Lensabengkulu.com - Warga Kelurahan Bentiring mengaku resah belum ditetapkannya tersangka kasus dugaan penjualan aset berupa laham Pemkot Bengkulu di Kelurahan Bentiring, yang kasusnya saat ini ditangani oleh Kejaksaan Negeri Bengkulu. Disampakan oleh Fahrizal, mantan Ketua RT 13 Kelurahan Bentiring Kecamatan Muara Bangkahulu, kasus tersebut agar secepatnya ditetapkan tersangkanya. Sementara alasan Kejari sampai saat ini masih menunggu hasil audit BPKP.

"Atas nama masyarakat dilingkungan tanah yang bermasalah serta warga Kota Bengkulu, agar pihak BPKP segera mengaudit. Karena dugaan kasus ini sudah meresahkan warga disana, kita berharap agar secepatnya melakukan penghitungan kerugian yang ada. Perkara ini menimpa lahan warga tepatnya Perumahan Kopri Kelurahan Bentiring RT 13," kata Fahrizal, Jumat (3/1/2020).

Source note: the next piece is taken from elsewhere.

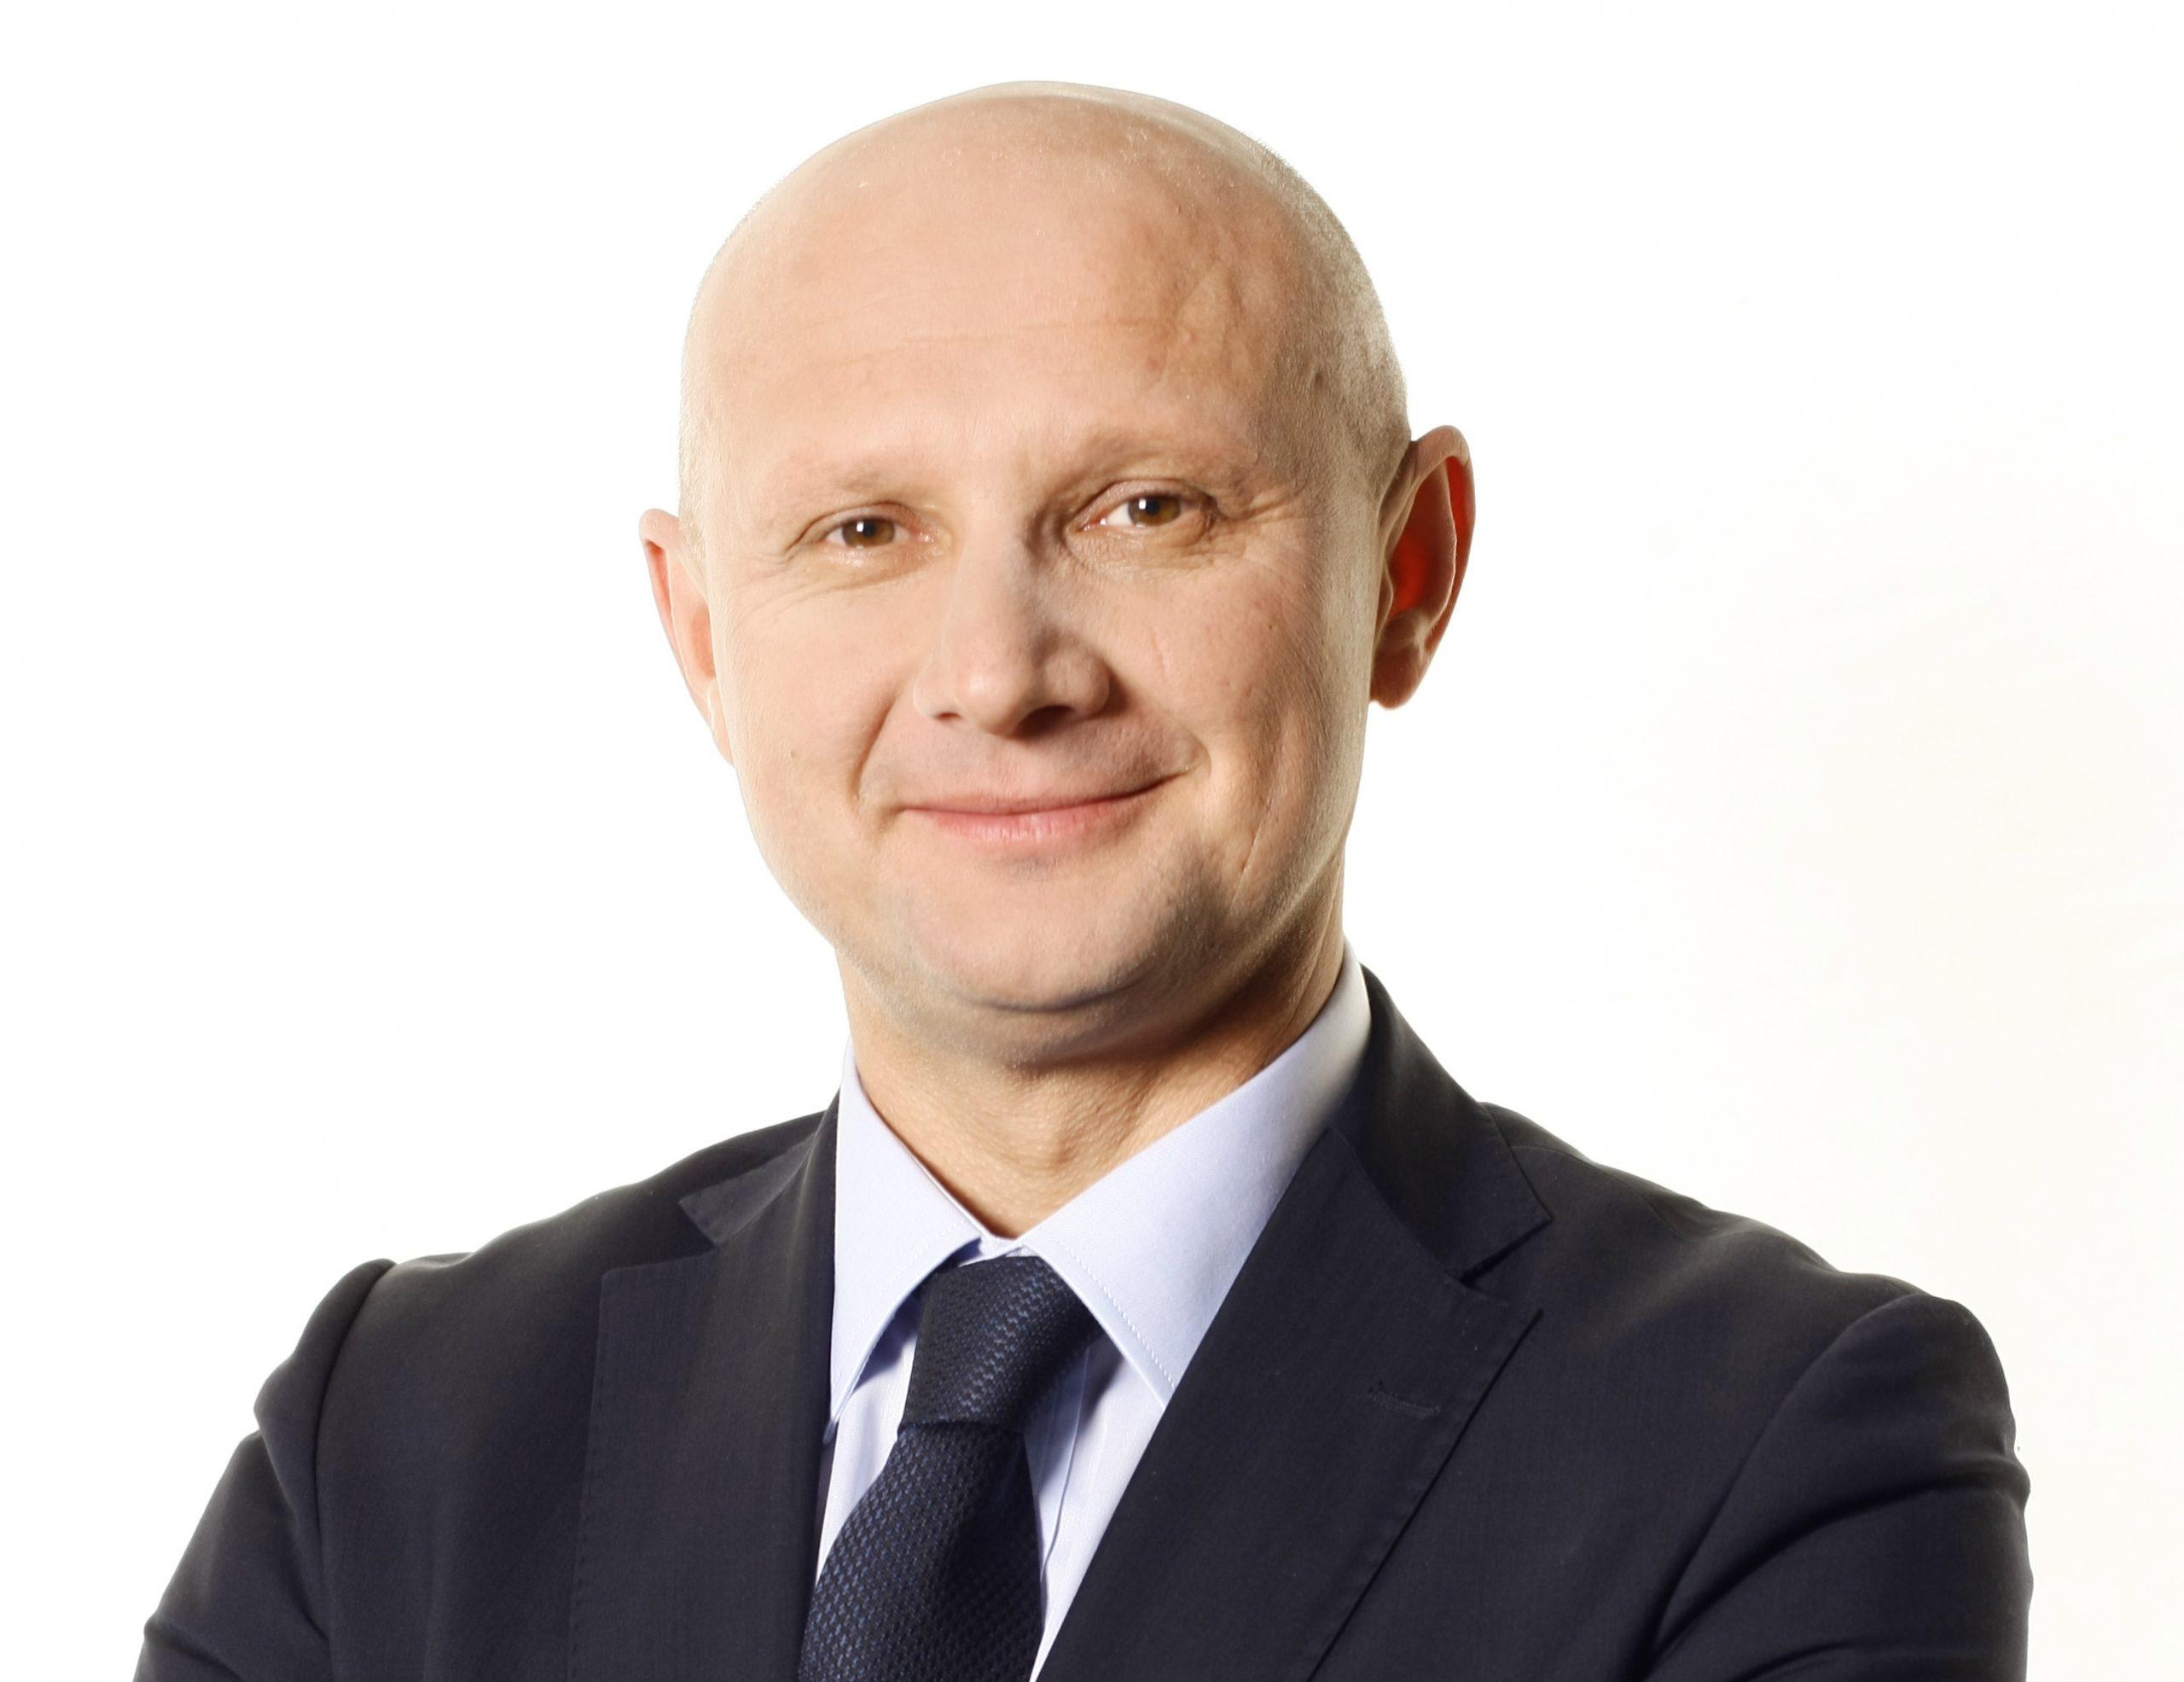 Marek Nizioł, Sales Director Pernod Ricard Polska

Menurutnya warga yang berada disekitaran tersebut mulai resah akibat adanya dugaan kasus ini. "Kalau menurut saya, semua bukti sudah diserahkan ke Kejari baik itu pemeriksaan saksi saksi juga sudah dilakukan. Maka kita meminta agar dugaan kasus penjualan aset Pemkot ini diselesaikan. Selain itu pihak oknum yang terkait dapat menerima sanksi hukuman," imbuhnya.

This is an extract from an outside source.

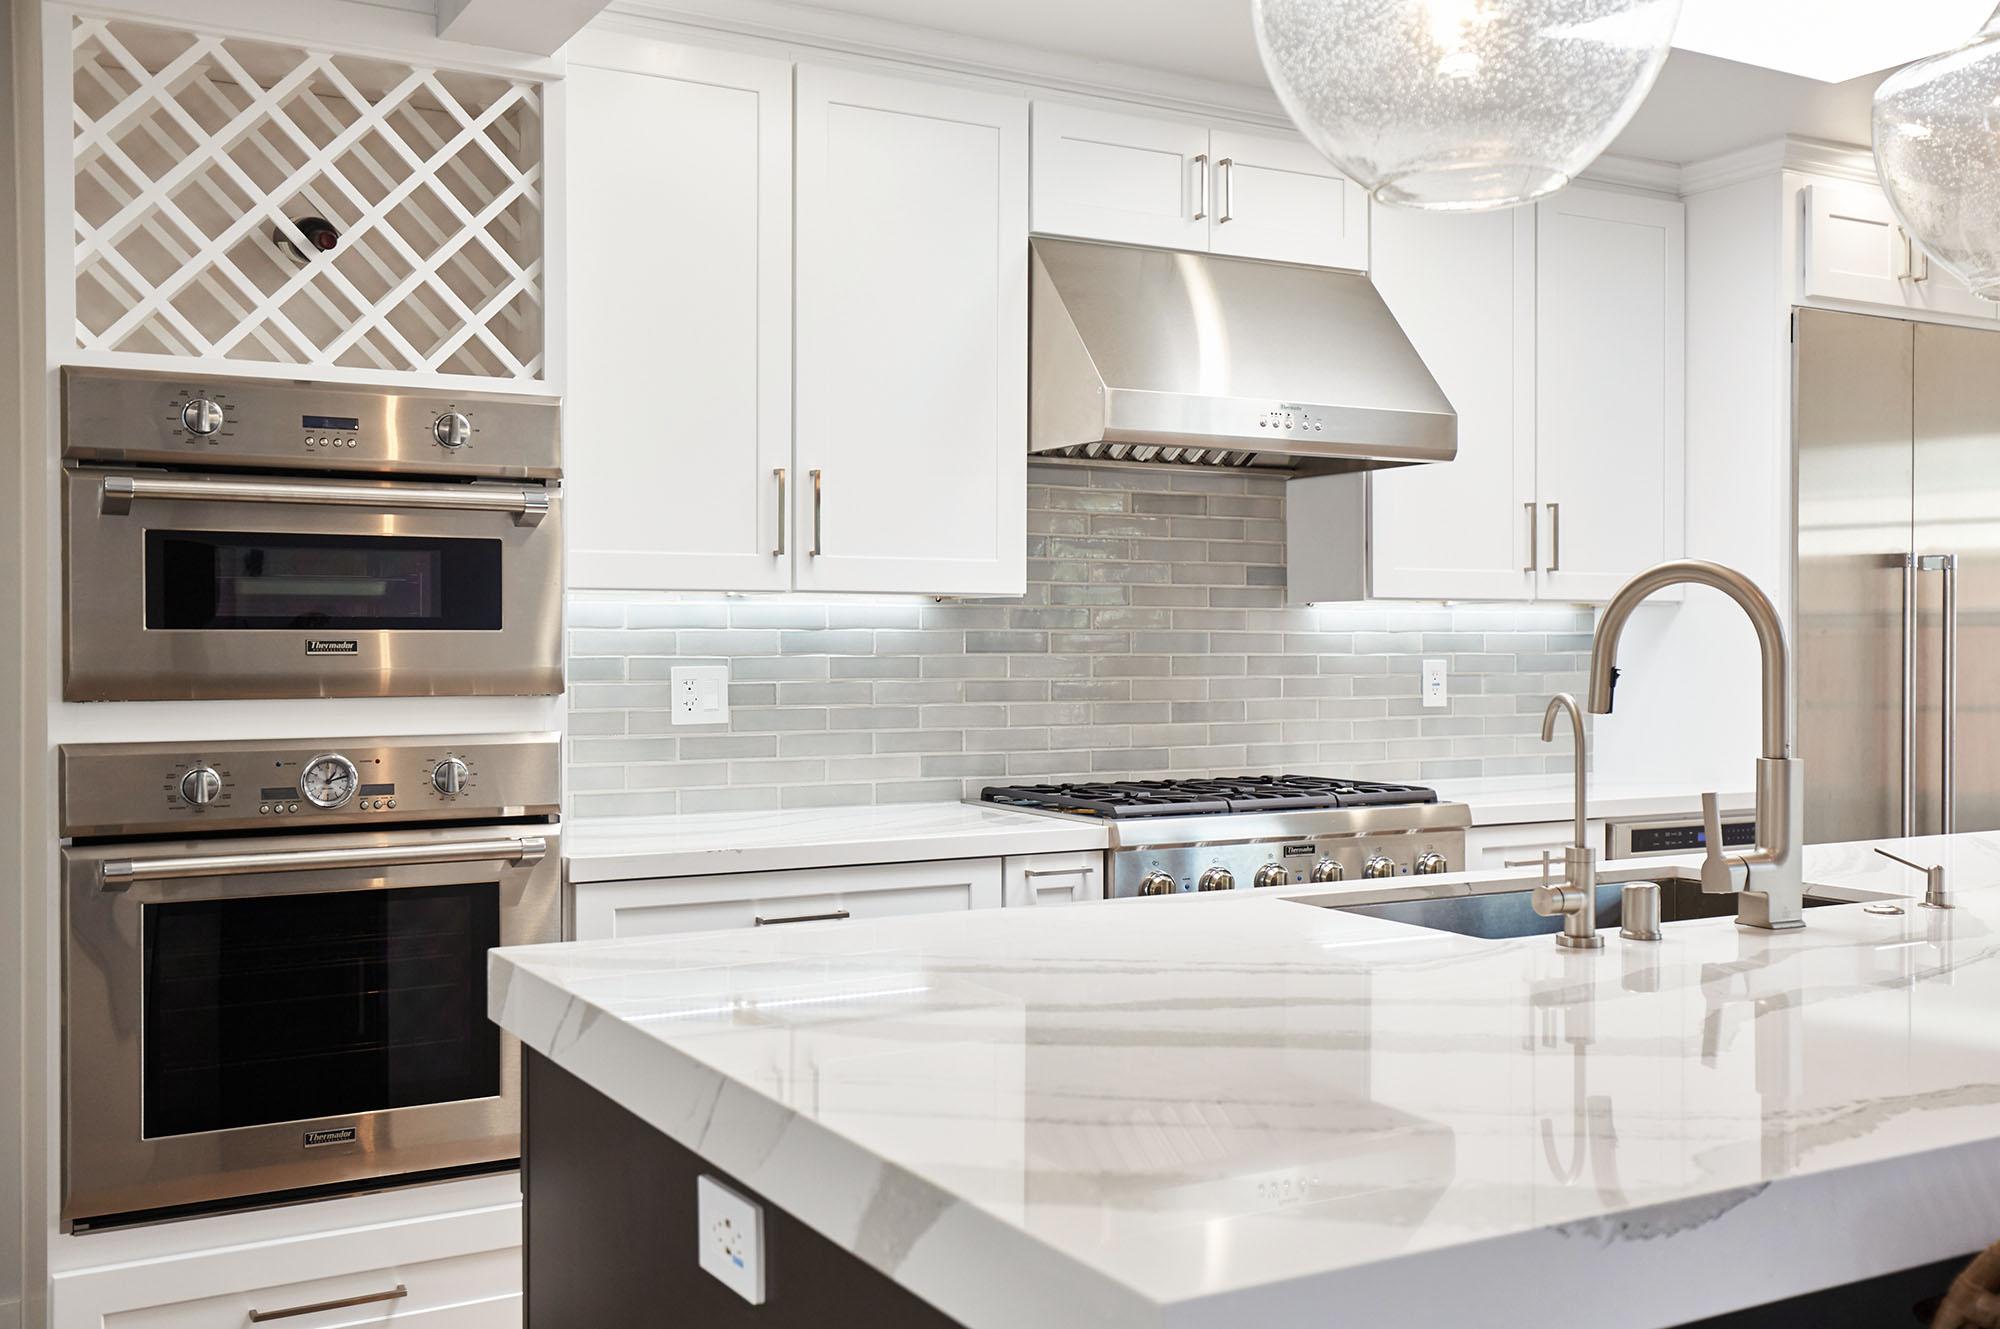 Studio City kitchen remodel 13 SMALL.jpg

Seperti diketahui, perkembangan terakhir kasus tersebut menurut Kajari Bengkulu Emilwan Ridwan masih menunggu hasil audit. Pihak Kejari sendiri sudah melakukan proses pengukuran ulang terhadap lahan milik Pemkot Bengkulu di Kelurahan Bentiring pada bulan September tahun 2019 lalu.

Dalam pemeriksaan kasus ini adanya dugaan memperjualbelikan lahan milik pemkot seluas 62,9 hektar yang berlokasi di kelurahan bentiring. Kemudian pada bulan Oktober selanjutnya tim apprasial dari Kantor Jasa Penilai Publik (KJPP) mulai melakukan proses penilaian terhadap lahan hibah milik pemkot.

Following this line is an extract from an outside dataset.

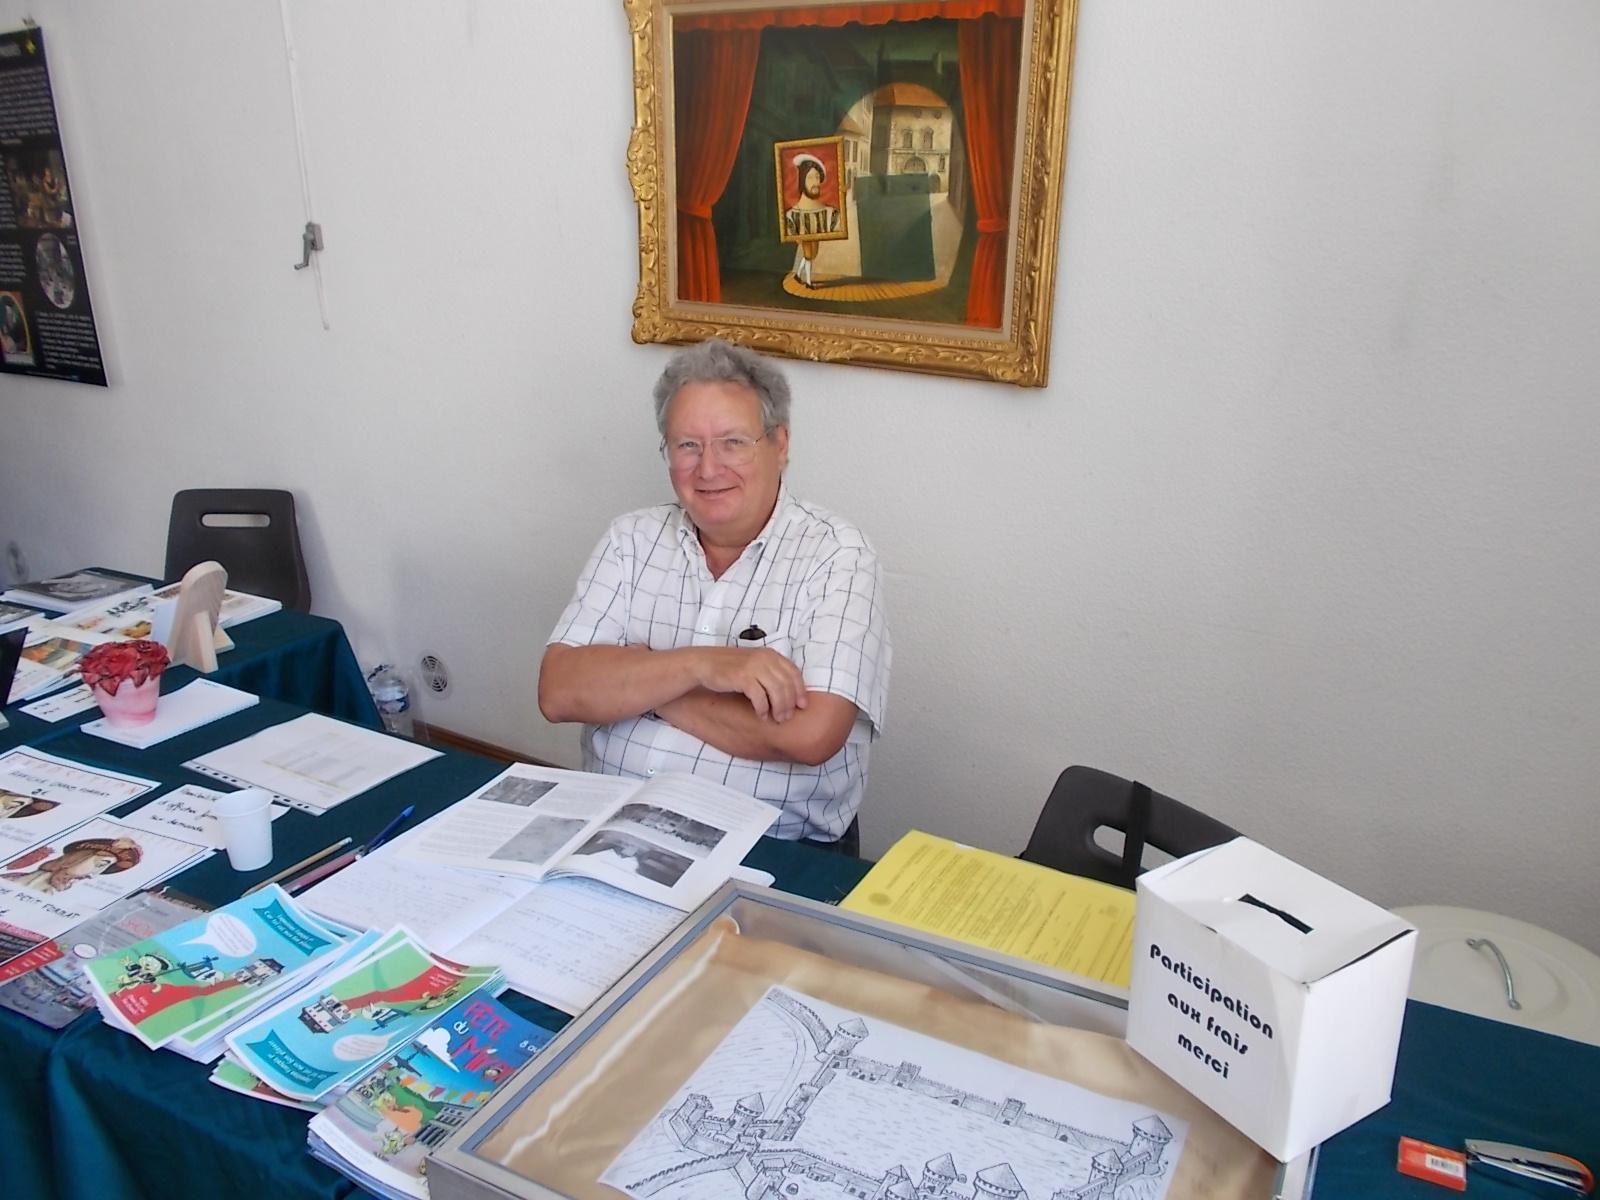 Jean-Louis Duvillard

Kepala Kejaksaan Negeri Bengkulu Emilwan Ridwan, SH saat dikonfirmasi terkait penanganan kasus ini. Menurutnya secara keseluruhan sudah rampung, kendati hanya saja terhambat pada penghitungan audit yang ada. Namun pihaknya sudah menyurati melalui Kementerian Keuangan untuk menyediakan pihak ketiga untuk menghitung audit tersebut.

"Secara pemberkasan nya sudah hampir rampung. Namun terkendala dalam penghitungan, kita akan meminta keterangan dari ahli negara. Saya sudah menyurat meminta bantuan kepada Kementerian Keuangan dengan Dirjen Pebendaharan nya. Sudah ada pihak ketiga terkait, mudah mudahan segera ditunjuk ahli keuangan untuk memberikan keterangan," kata dia.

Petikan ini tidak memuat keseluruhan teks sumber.